> Directions for this task
Exclude the pictures and transcribe the rest of the data below exactly.

━━ Stored data

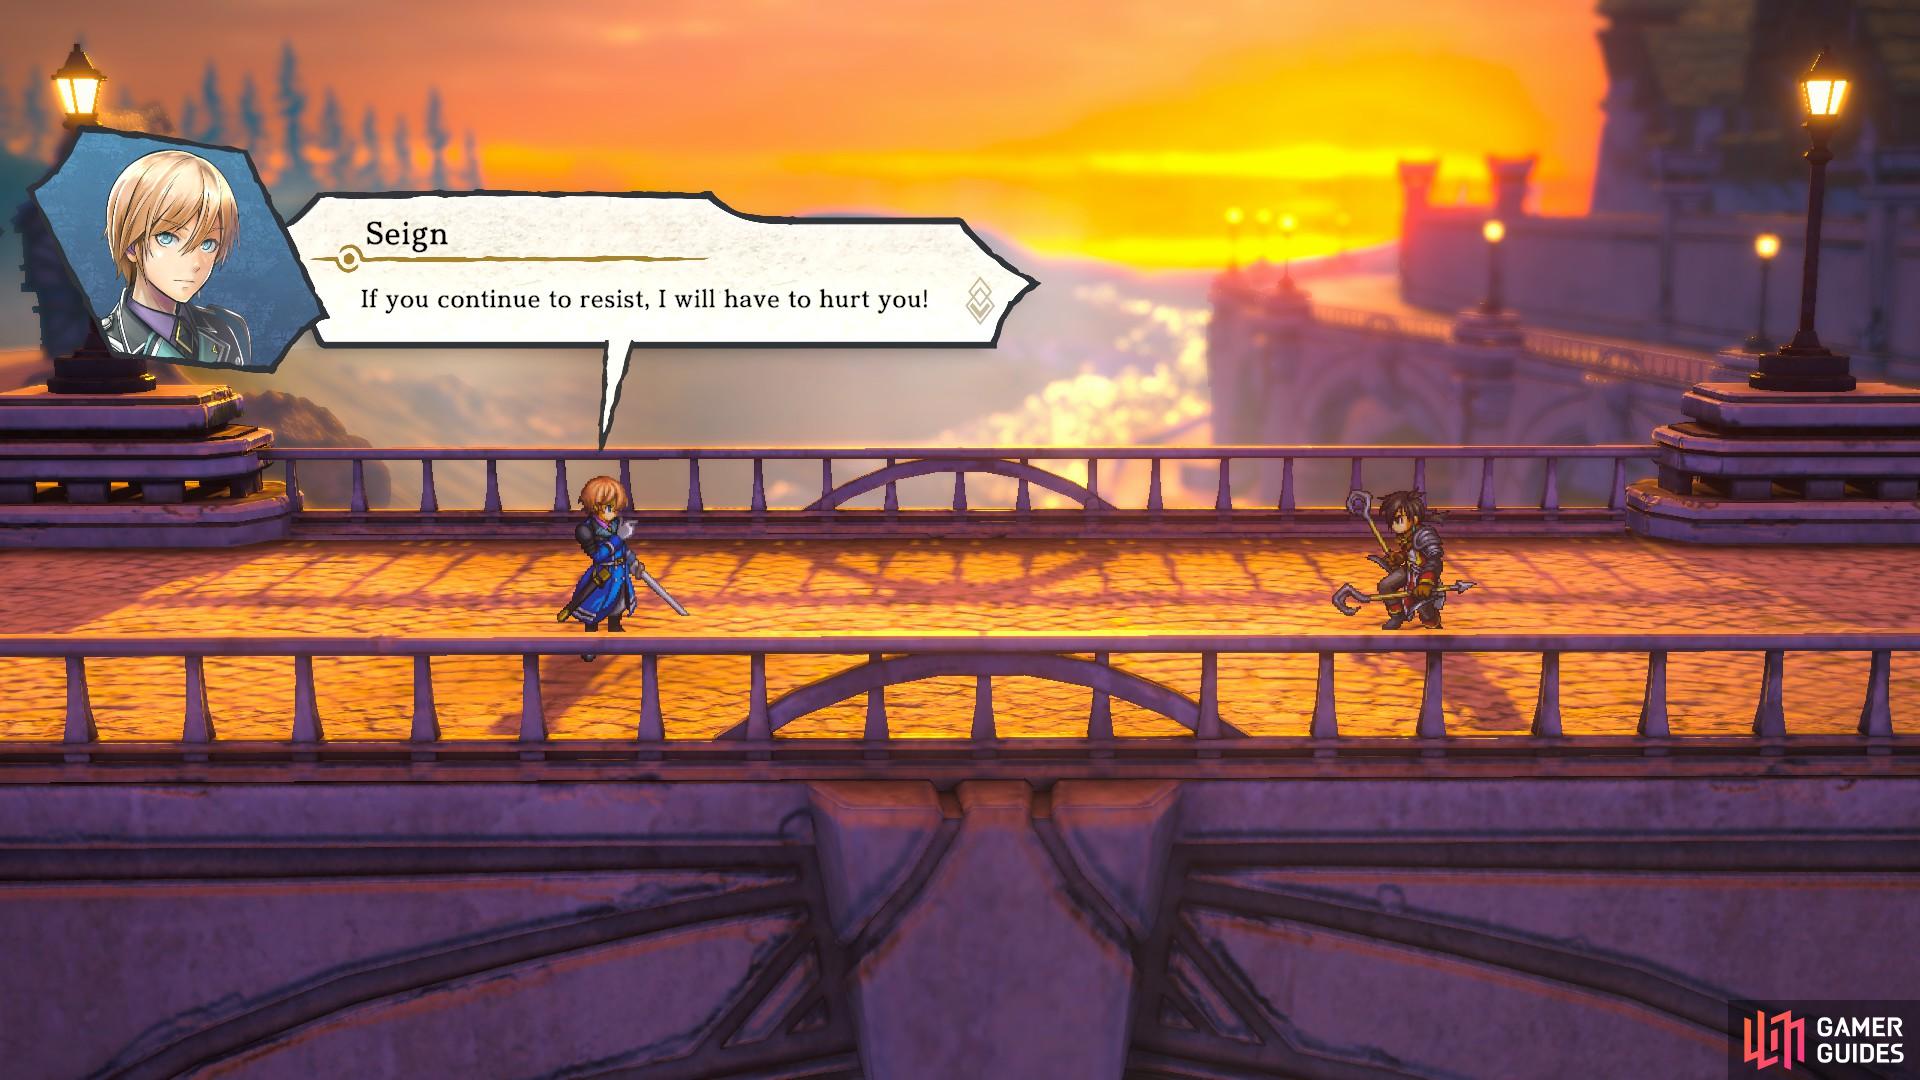 Seign and Nowa are forced to confront each other on the Eltisweiss bridge.
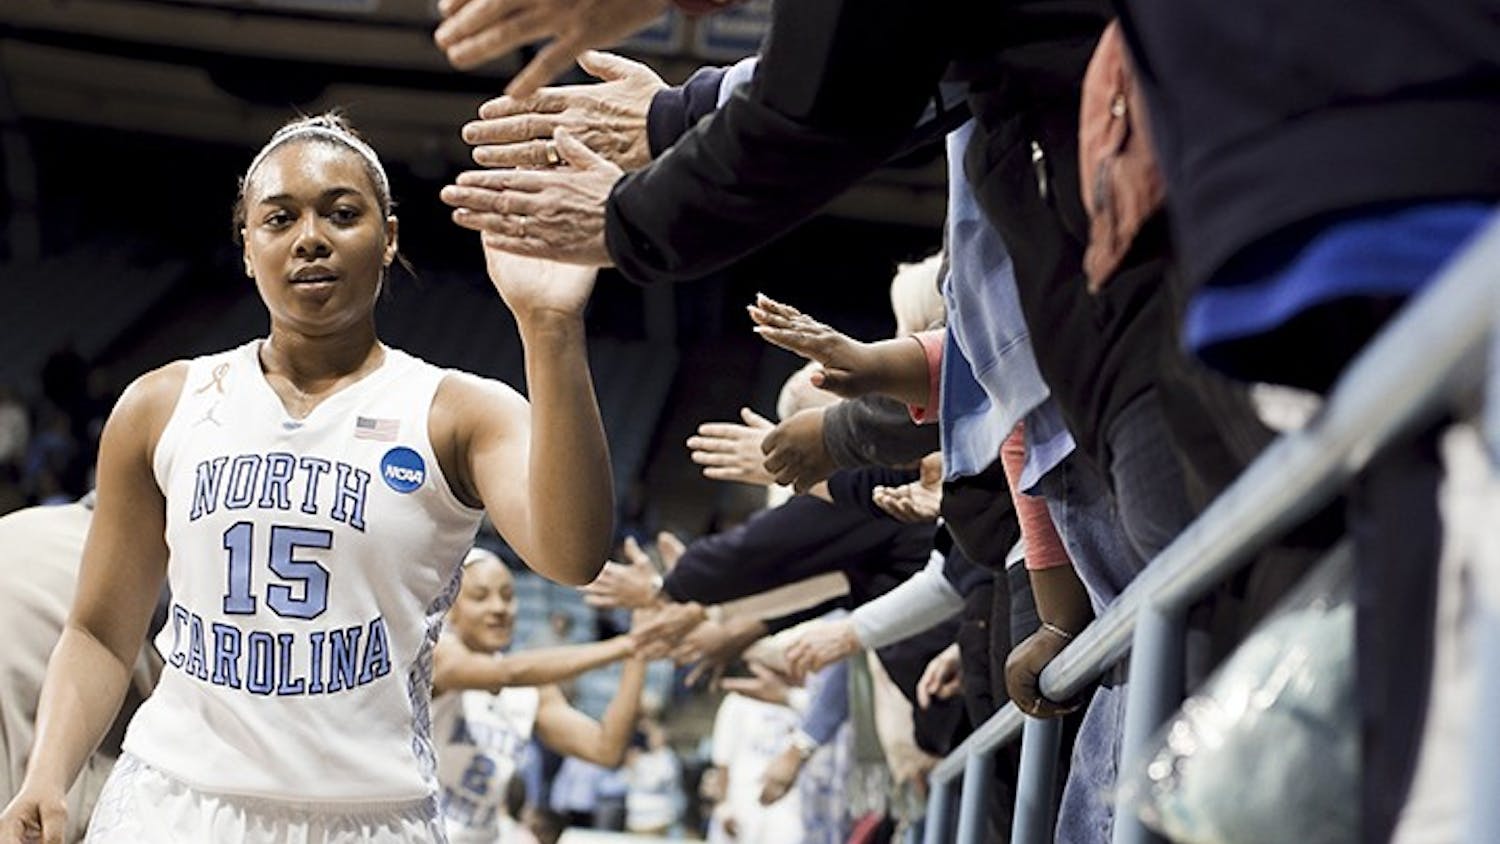 North Carolina&apos;s Allisha Gray (15) celebrates the Tar Heels&apos; 62-53 victory over the Michigan State Spartans during the second round of the NCAA Tournament at Carmichael Arena in Chapel Hill, N.C., on Tuesday, March 25, 2014. (Robert Willett/Raleigh News &amp; Observer/MCT)
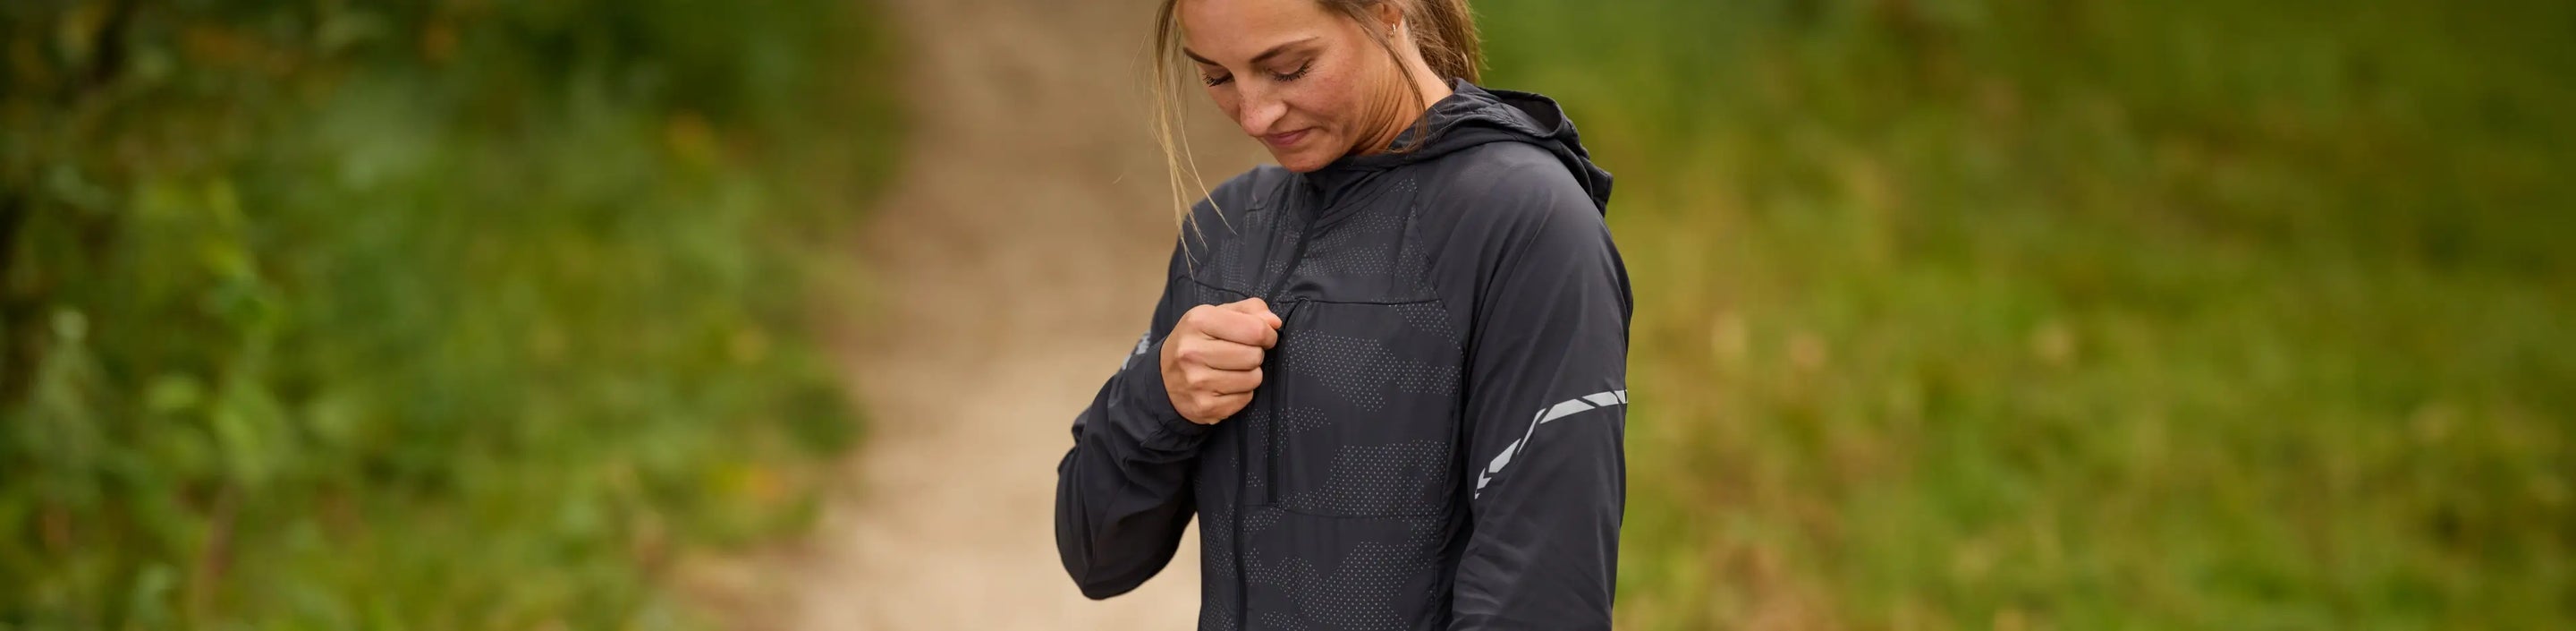 runner wearing a Nathan Sports Stealth Jacket in Black
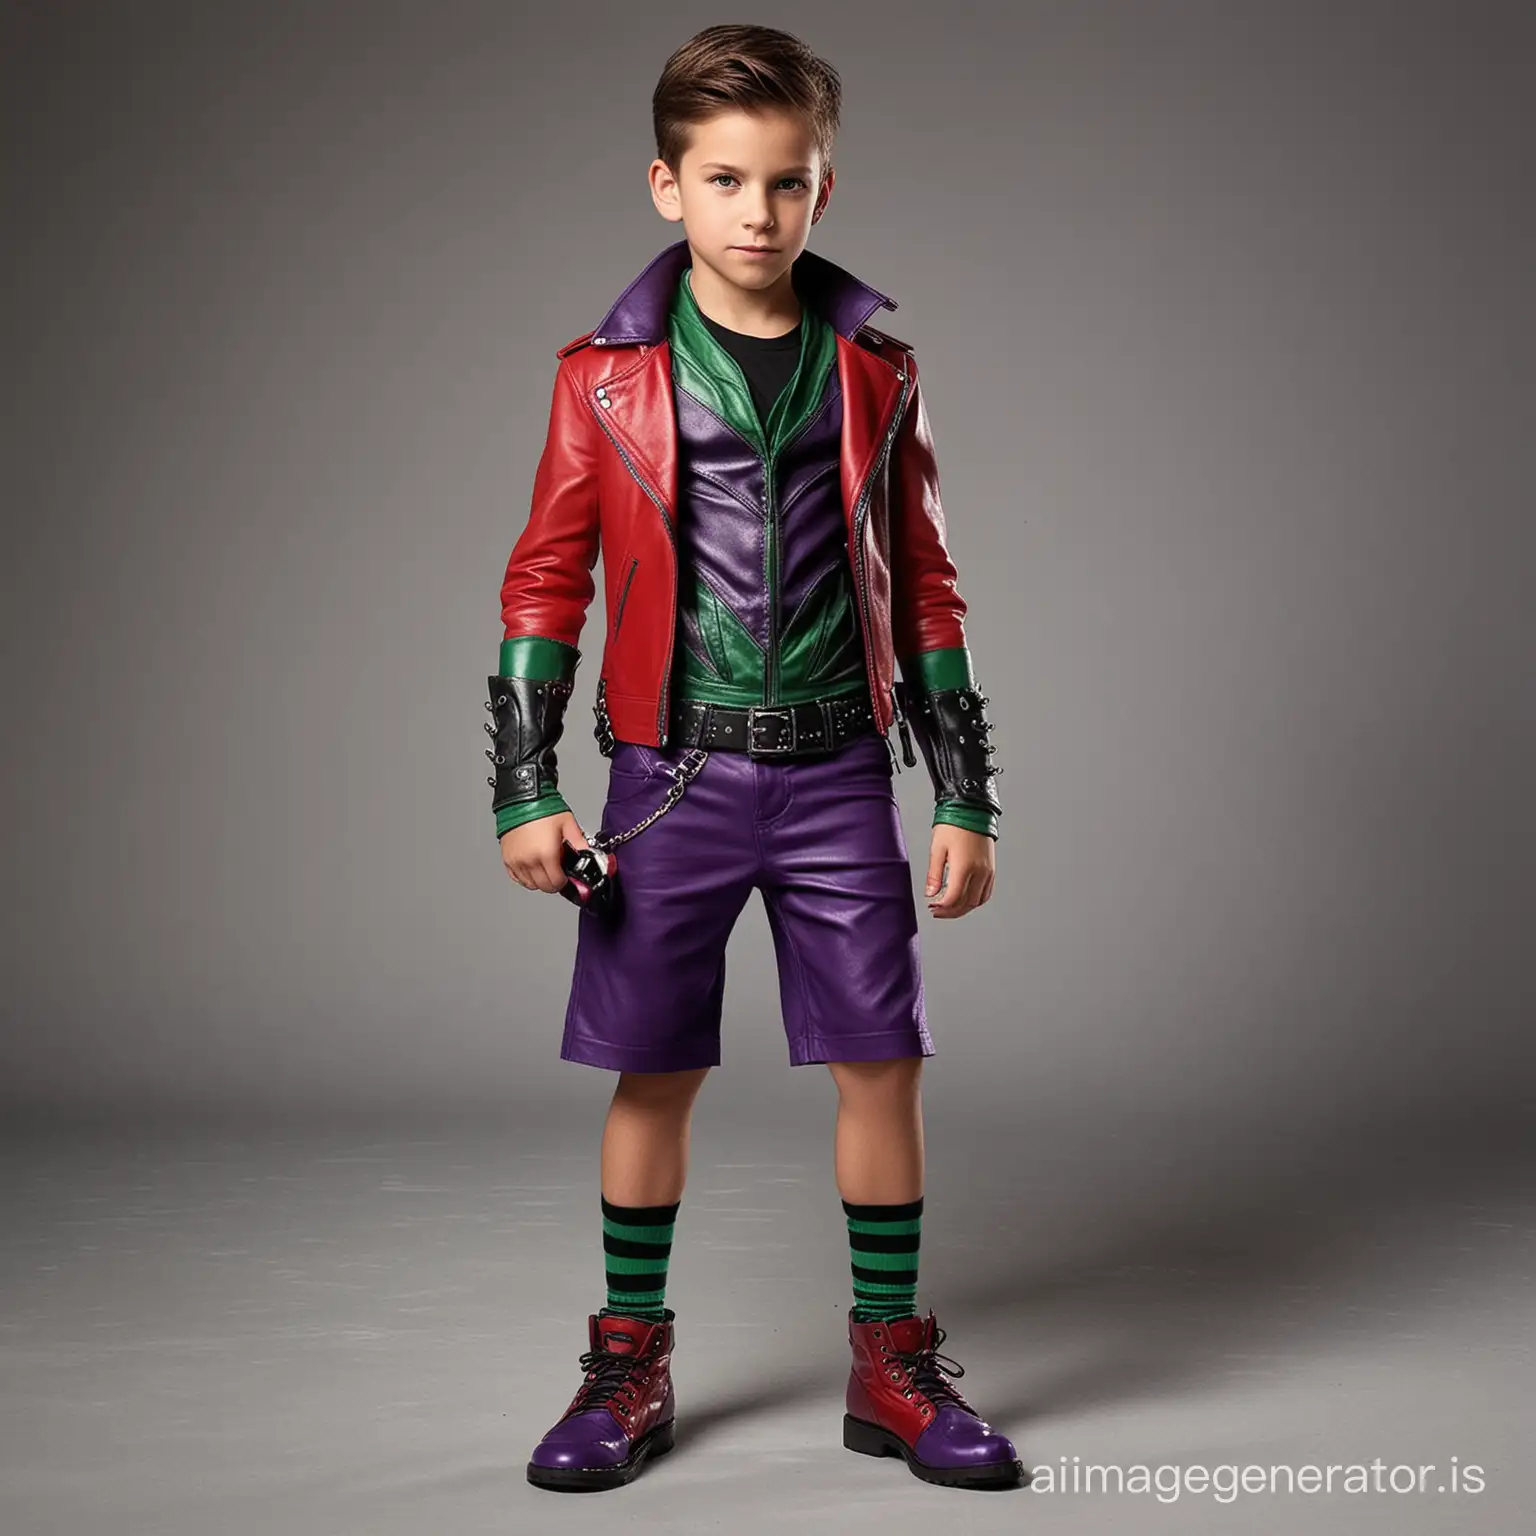 Intimidating-Purple-Villain-Outfit-for-an-8YearOld-with-Cool-Leather-Shorts

━━━━

> Solution for this task
 Seign and Nowa are forced to confront each other on the Eltisweiss bridge.
 North Carolina&apos;s Allisha Gray (15) celebrates the Tar Heels&apos; 62-53 victory over the Michigan State Spartans during the second round of the NCAA Tournament at Carmichael Arena in Chapel Hill, N.C., on Tuesday, March 25, 2014. (Robert Willett/Raleigh News &amp; Observer/MCT)
 runner wearing a Nathan Sports Stealth Jacket in Black
 Intimidating-Purple-Villain-Outfit-for-an-8YearOld-with-Cool-Leather-Shorts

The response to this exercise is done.